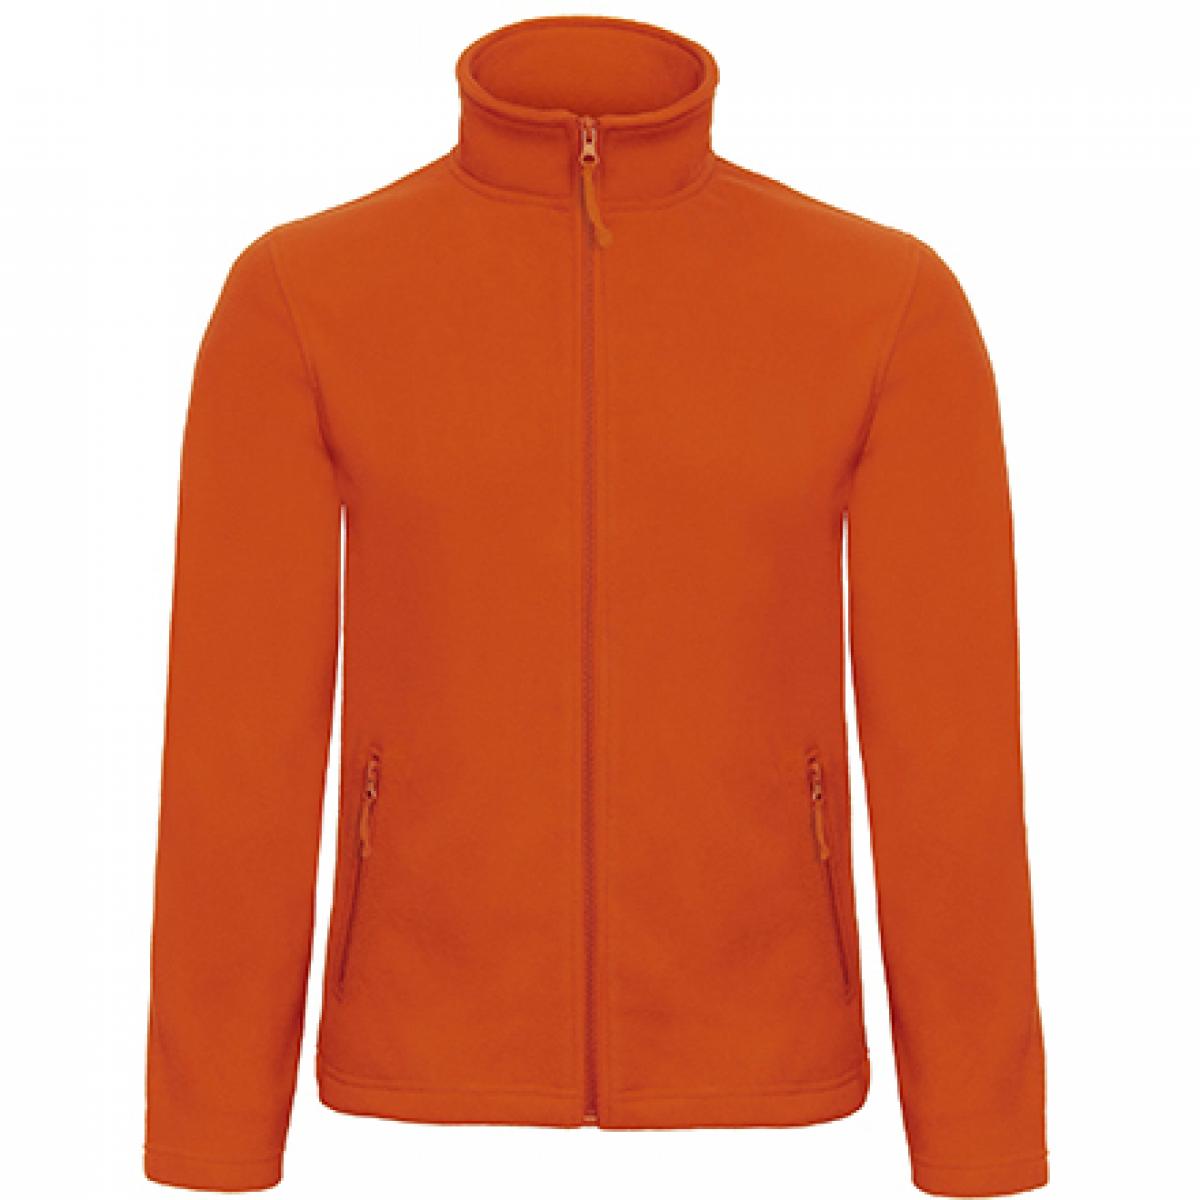 Hersteller: B&C Herstellernummer: FUI50 Artikelbezeichnung: Herren Microfleece Jacke Duo ID.501 Farbe: Pumpkin Orange
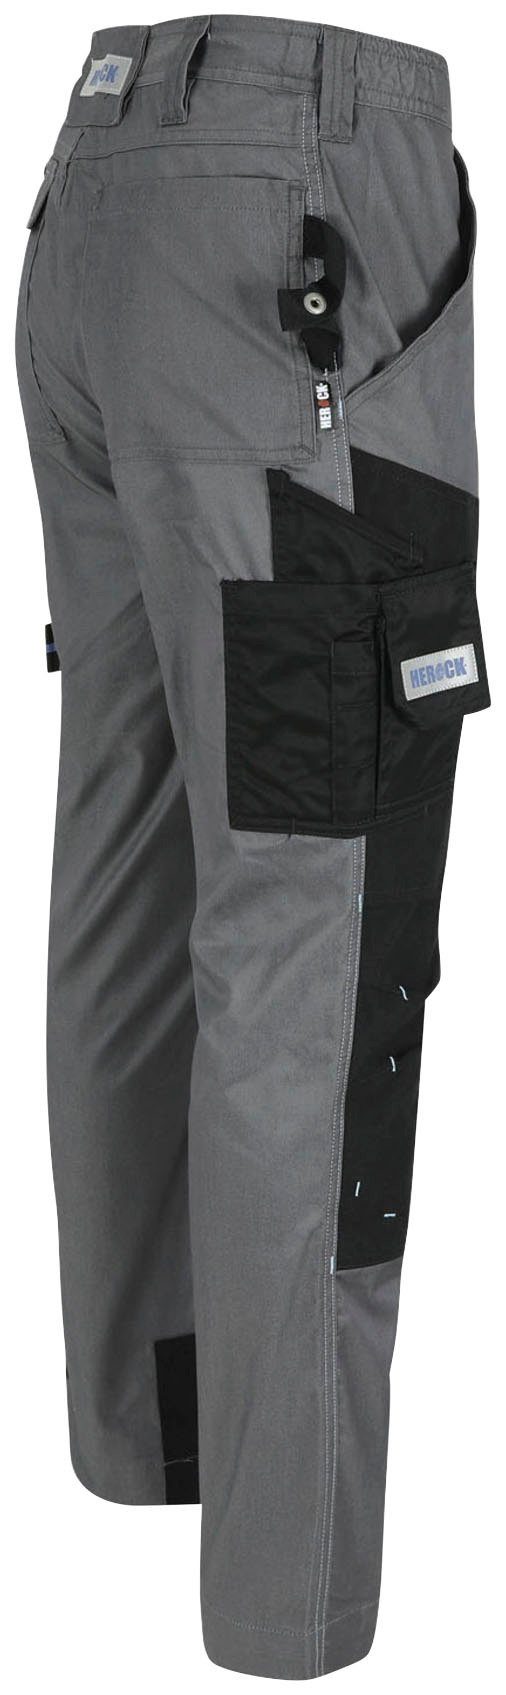 Herock Coolmax® Stretch, mit leicht Hose -Techn.; mehrere grau Viele Taschen, Arbeitshose Capua Farben
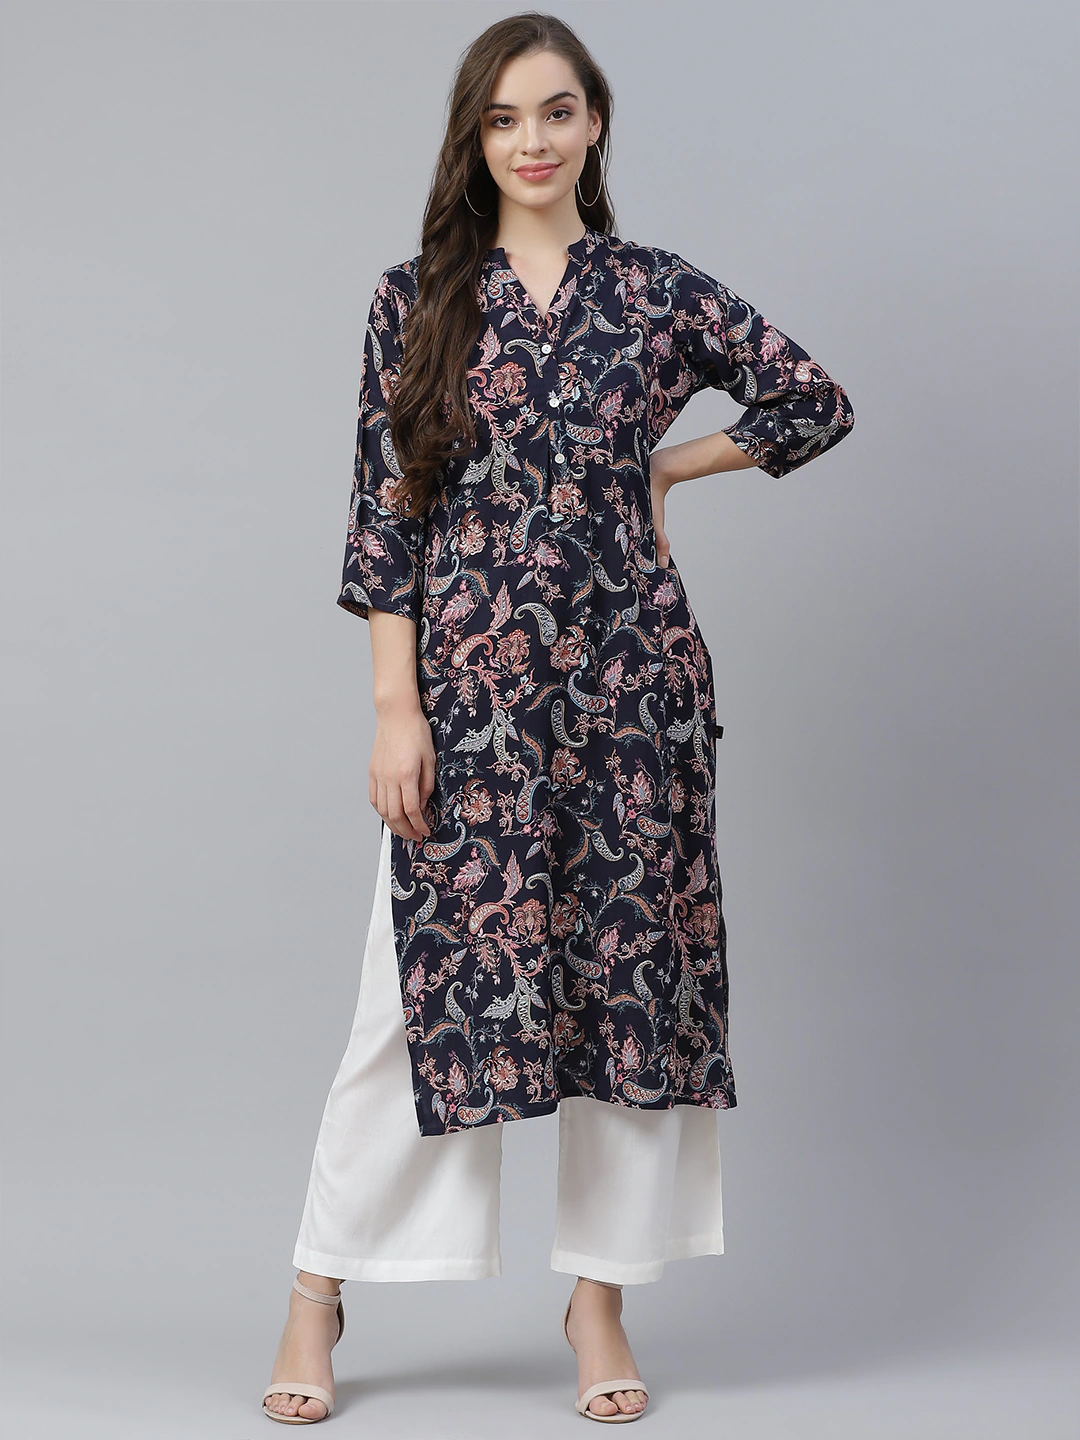 Discover 162+ ladies suit kurti design best

> _Problem_:
The reply should contain all of the data above, word for word, with no pictures.

> _Answer to this task_:
 Hersteller: B&C Herstellernummer: FUI50 Artikelbezeichnung: Herren Microfleece Jacke Duo ID.501 Farbe: Pumpkin Orange
 Herock Coolmax® Stretch, mit leicht Hose -Techn.; mehrere grau Viele Taschen, Arbeitshose Capua Farben
 Discover 162+ ladies suit kurti design best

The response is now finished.